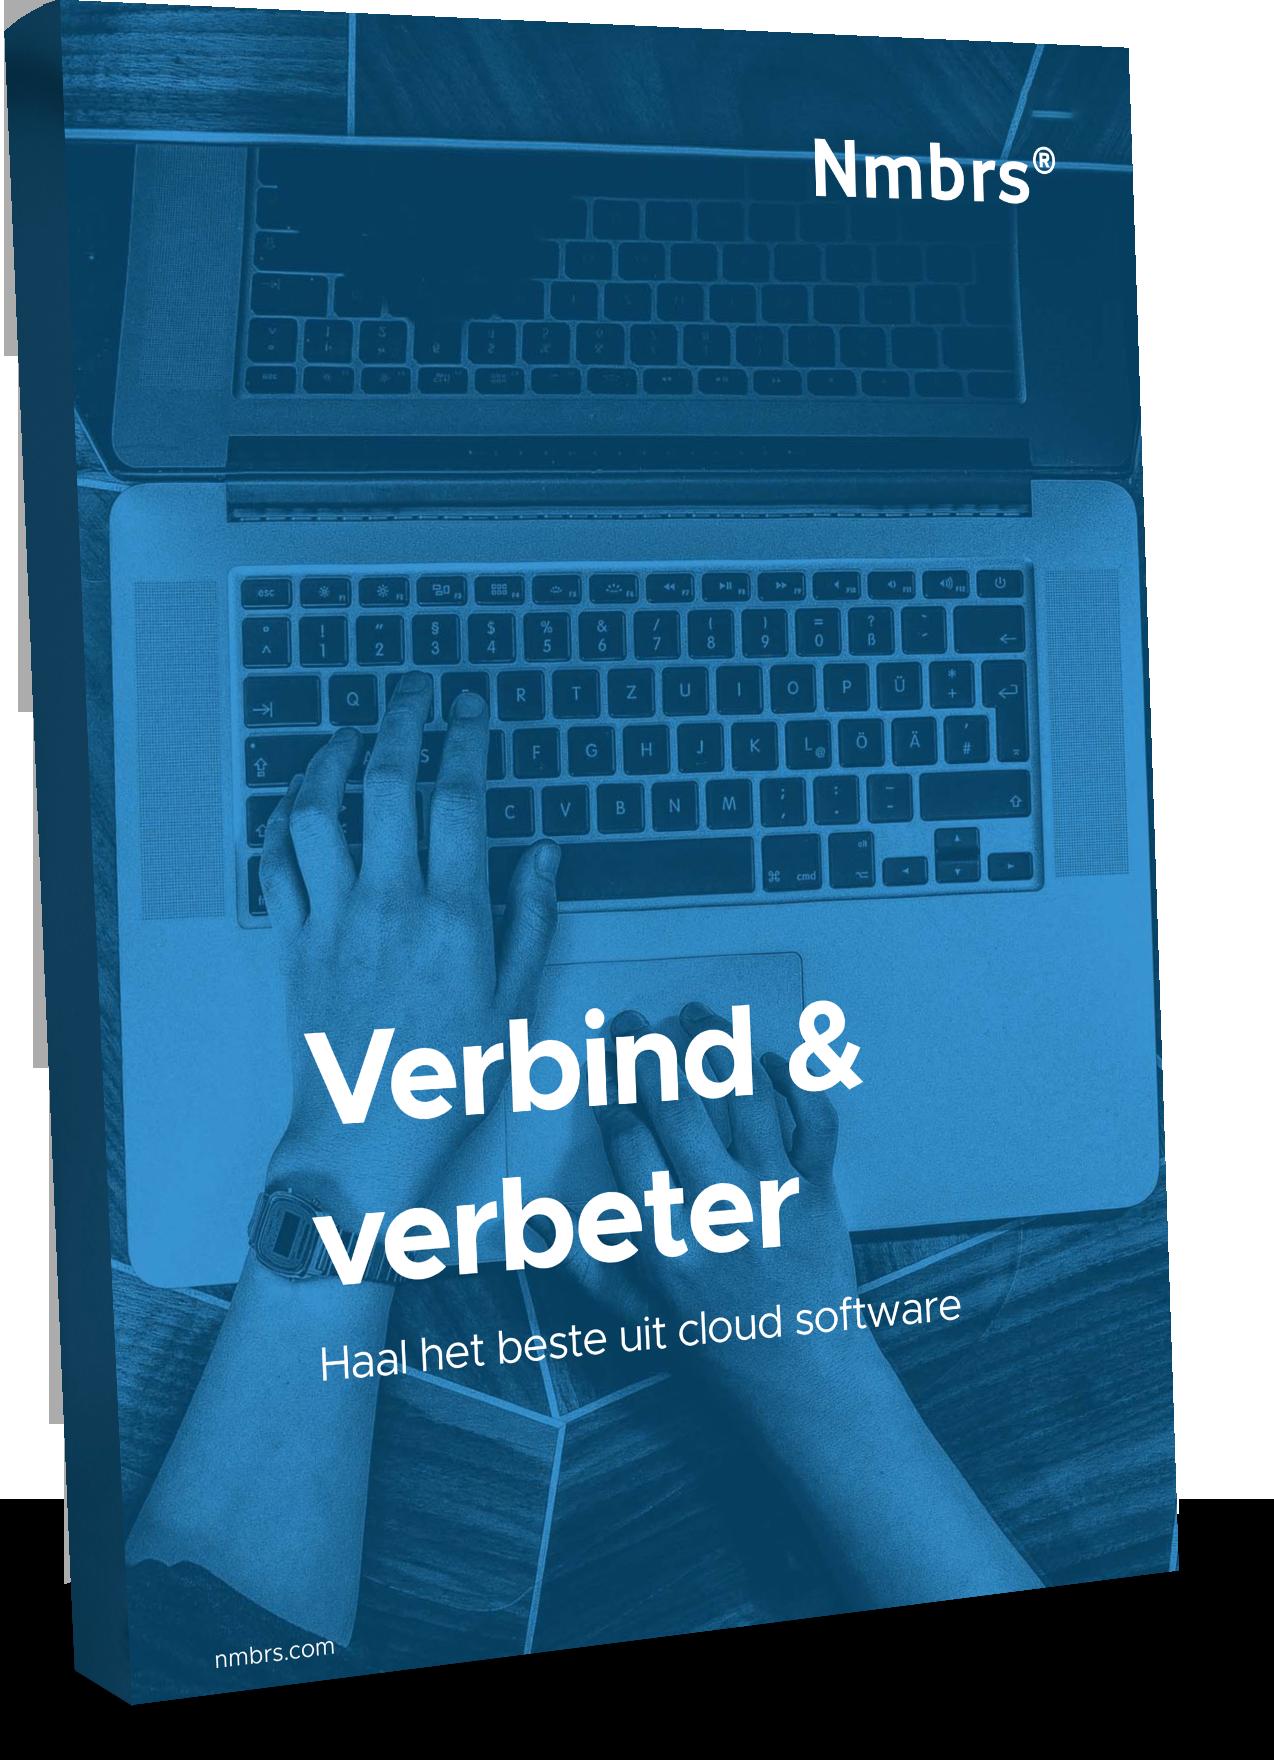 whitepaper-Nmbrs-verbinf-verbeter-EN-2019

==

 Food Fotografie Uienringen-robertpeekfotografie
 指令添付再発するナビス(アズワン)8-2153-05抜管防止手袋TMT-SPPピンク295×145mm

TASK TO COMPLETE. Take the stretch of lines above from the one containing "Food Fotografie Uienringen-robertpeekfotografie" through the one containing "指令添付再発するナビス(アズ" and repeat it exactly, adding no other line.

EXERCISE RESULT.
 Food Fotografie Uienringen-robertpeekfotografie
 指令添付再発するナビス(アズワン)8-2153-05抜管防止手袋TMT-SPPピンク295×145mm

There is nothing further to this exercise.